RX 7600 XT 16GBと、その上と下の製品とのスペック比較

GPUの情報:「GPU-Z」で評価用カードの情報を拾ったところ。PCI Express Gen4のx8接続である点にも注目

 ハードウェア的には既存のRX 7000シリーズと変わる所はない。AV1のエンコード機能であったり、結局具体的使い方が明かされないまま現在に至るAI Matrix Accelerator(生成系AIで使っているだろう、とは思われるが……)といった要素も全て継承している。特にAV1を使ってゲーム画面の高画質録画やストリーミングができるのはゲーマーにとって大きなメリット。

 しかし「OBS Studio」を使ってRX 7000シリーズに搭載されているエンコーダーのポテンシャルを最大限に引き出すには、少々面倒な設定が必要だ。これはRX 7000シリーズ発表当初からの設定であり、筆者はそのうちOBS側に吸収されるだろうと思っていたのだが、AMDはエンコードのパラメーターオプションを手動で設定することを「いまだに」推奨している。

 本気で使わせたいのであれば、OBSのような定番ツールなら設定不要で最適な設定ができるようにするべきではないだろうか(Radeon Softwareの録画機能を使えというつもりなのかもしれないが……)。

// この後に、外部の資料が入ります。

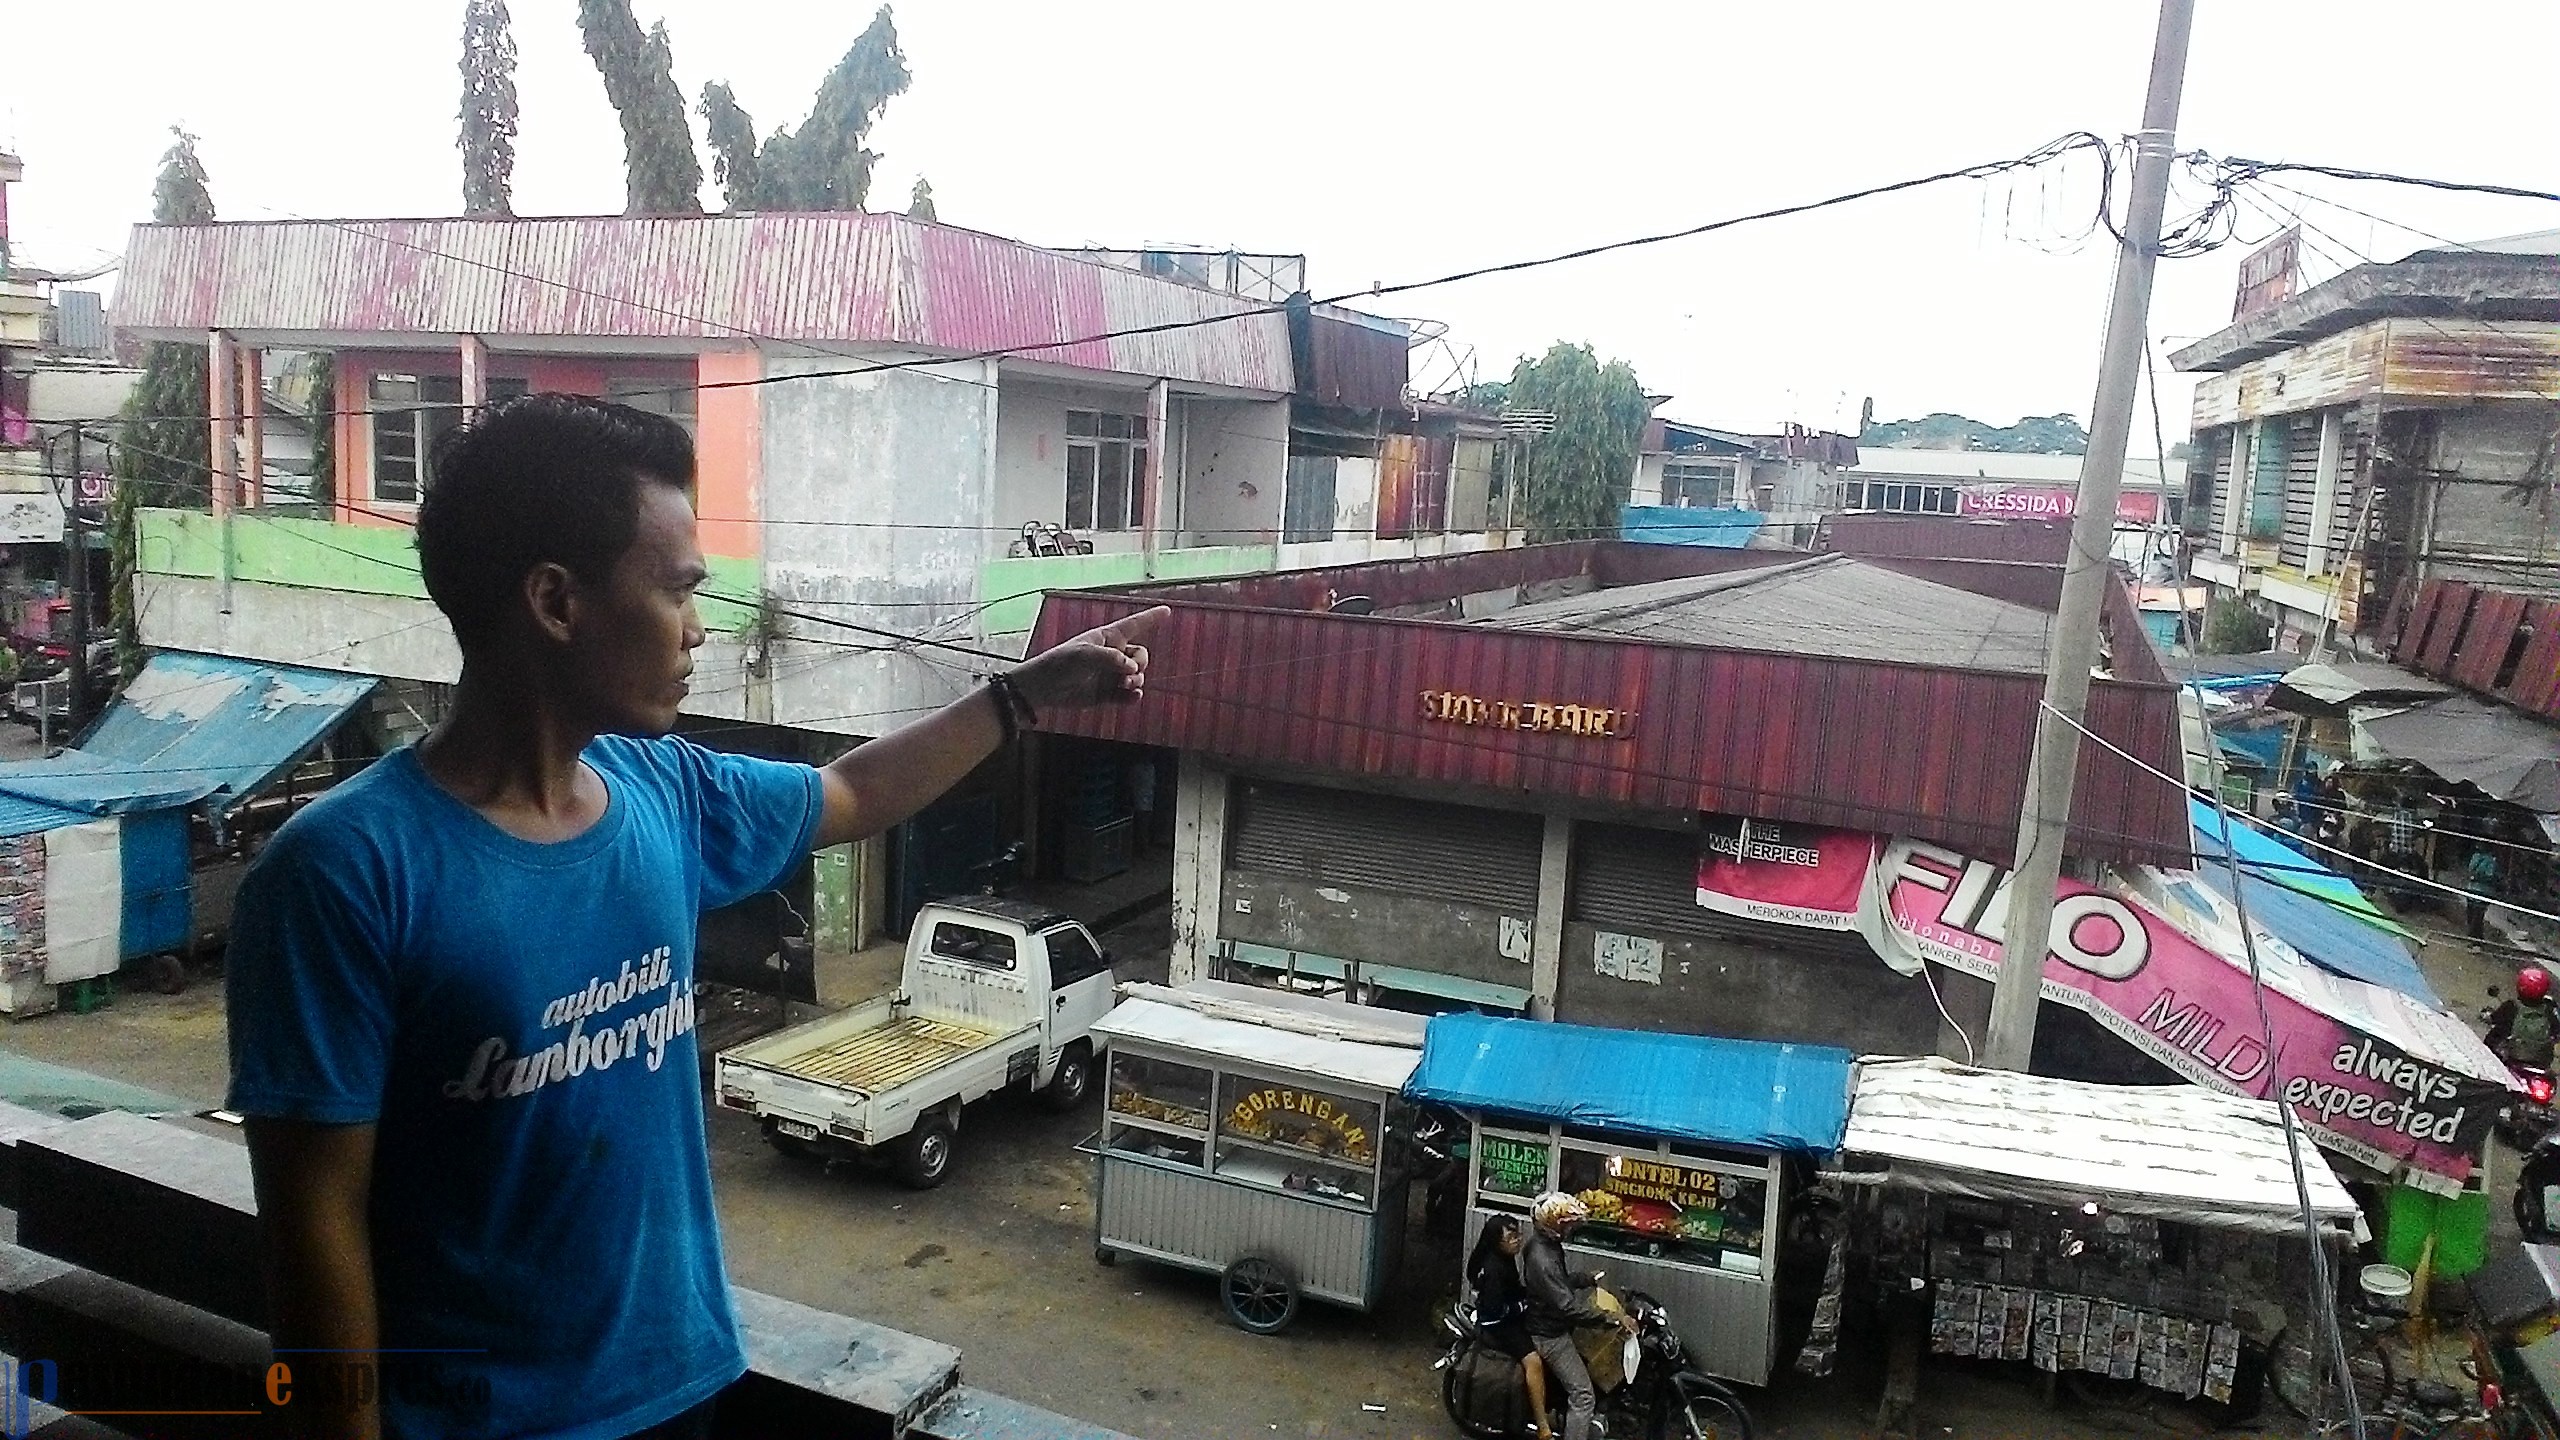 Pedagang Segera dipindahkan, Mall Pujasera Awal Tahun Dibangun

レビュアーズガイドからの抜粋。OBSでRX 7000シリーズのエンコーダーを最大限に活用するには、この表の通りにすることを推奨している。無論これを無視してもエンコードはできるが最適設定ではない、ということだ

上表の続き。一番左のBest Speedなら8K@60fpsでエンコードできるが、中央や右の画質重視設定ではフルHD@60fpsが上限となる

現行Radeon vs GeForceで対決

 1月に入ってGPUレビューが本製品含め立て続けに3本も発生したため、いつものように新旧製品を交えた包括的な比較ができなかった。その代わりにRX 7000シリーズおよびRTX 40シリーズを対決させる、というスタイルで現状のRadeonとGeForceの力比べを実施する。具体的にはRadeonはRX 7800 XT~RX 7600まで、GeForceはRTX 4070 SUPER〜RTX 4060までの比較とする。

 今回の検証環境は以下の通りだ。GeForceや一部Radeonのデータは本稿掲出の1日前に公開されたRTX 4070 Ti SUPERレビューをそのまま継承することでRX 7600 XT 16GBとRTX 4060 Ti (16GB)という立ち位置が非常に近いGPUの比較もできるように配慮している。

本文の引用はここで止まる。